William Quekett on baths & wash-houses for the poor

from My Sayings and Doings 
(Kegan, Paul & Trench 1888) pages 174ff

I felt from the first coming to London the need of establishing proper bathing facilities for the working people. In their own homes there was little convenience, and it was most important, for sanitary reasons, as well as for their personal comfort, that they should not neglect the necessary duty of bathing. Moreover, much discomfort was caused in the homes of the working people by the washing having to be done with cramped accommodation, and in the midst of large families of children; and the cost of washing was much in excess of what it needed to be if a large and properly-fitted establishment could be erected for the use of numbers of women washing at one time. A poor woman's washing at home occupies parts of three days; in an establishment such as I contemplated it could all be done in half a day.

I took an active part in getting the Act passed by which the ratepayers of any district might borrow upon the security of the rates sufficient sums to establish public baths and wash-houses for the labouring people. Mr. William Cotton, director of the Bank of England, took the leading part in this matter.

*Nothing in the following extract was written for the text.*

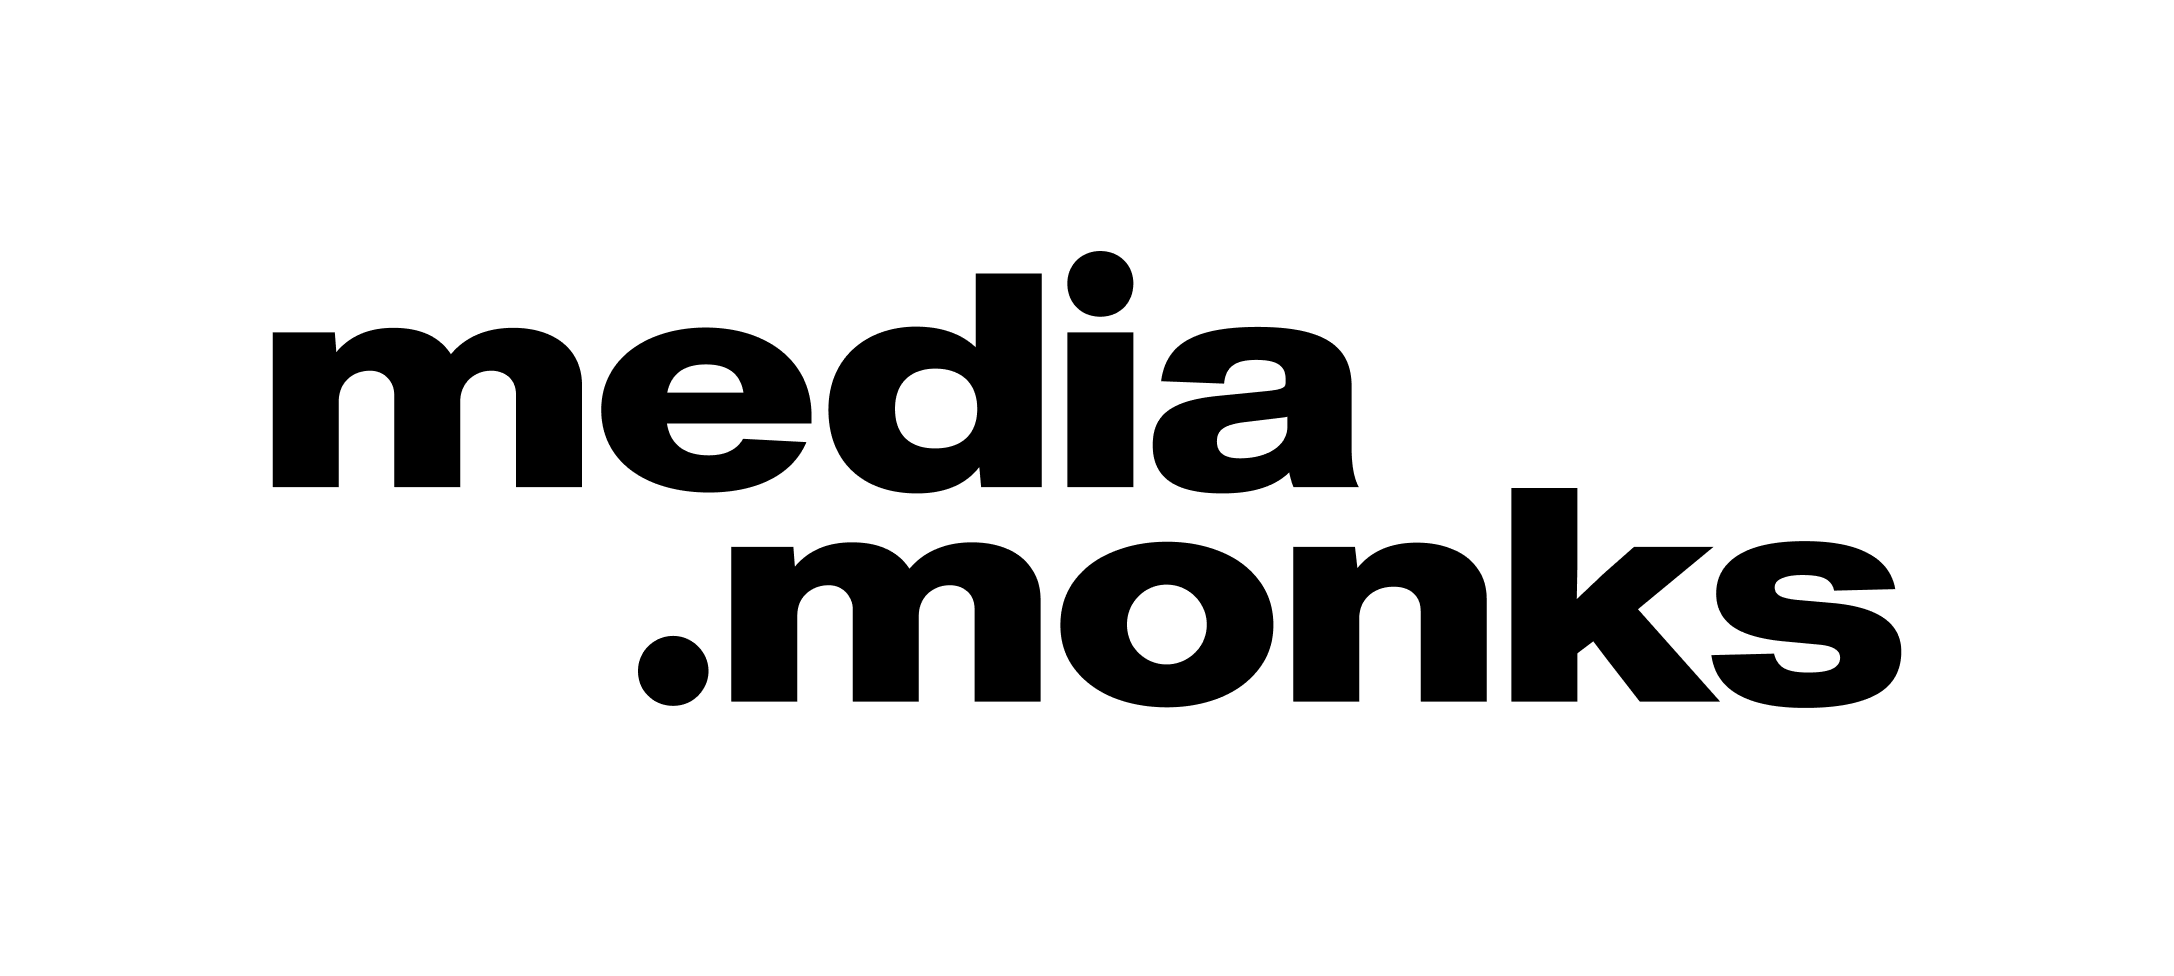 m.m_lockup logo_black

Very shortly after the passing of the Act, I issued the following circular to the people of St. George's-in-the-East; the result of which was ultimately the building of baths and wash-houses near that parish. The example was followed by every vestry in the Metropolis; and there are now few provincial towns which are not supplied with proper bathing and washing accommodation for their working people.

[His slogan Cogitate! Cogitate! Cogitate! on the poster depicted here had echoes of current anti-slavery rhetoric.]


To the Inhabitants of the Parish

I beg to call your attention to the Act of Parliament lately passed, for enabling parishes to establish baths and wash-houses for the use of the labouring poor and other classes.
  • The Government are authorised to advance the money at 4 per cent. interest, and to extend the loan over a period of twenty years.
  • The management to be invested in commissioners, chosen by the vestry from the ratepayers of the parish.
  • The first cheap baths and wash-houses form the poor were established at Liverpool by the Corporation, in the year 1842; there are 18 baths and 28 washtubs, which now yield a profit over the working expenses of about 3½ per cent. on the outlay of £2,300. The receipts were last year £450; the working expenses £370; profit £80. And others are now in the course of erection.
That the poor in London will take advantage of these places is sufficiently evidenced by the small establishment at Glass House Yard, near the entrance of the London Docks, where, in its first year, it was used by 27,662 bathers, 38,480 washers, and 4,522 ironers, and the working expenses less than 1½d. for each person. At George Street, Euston Square, is another establishment, opened August 3rd, 1846; it contains 60 washing tubs and 40 baths; from that day to September 27th there have been 25,357 bathers and 2,132 washers and ironers; the receipts to the present time are ample; and the number of applicants daily increasing.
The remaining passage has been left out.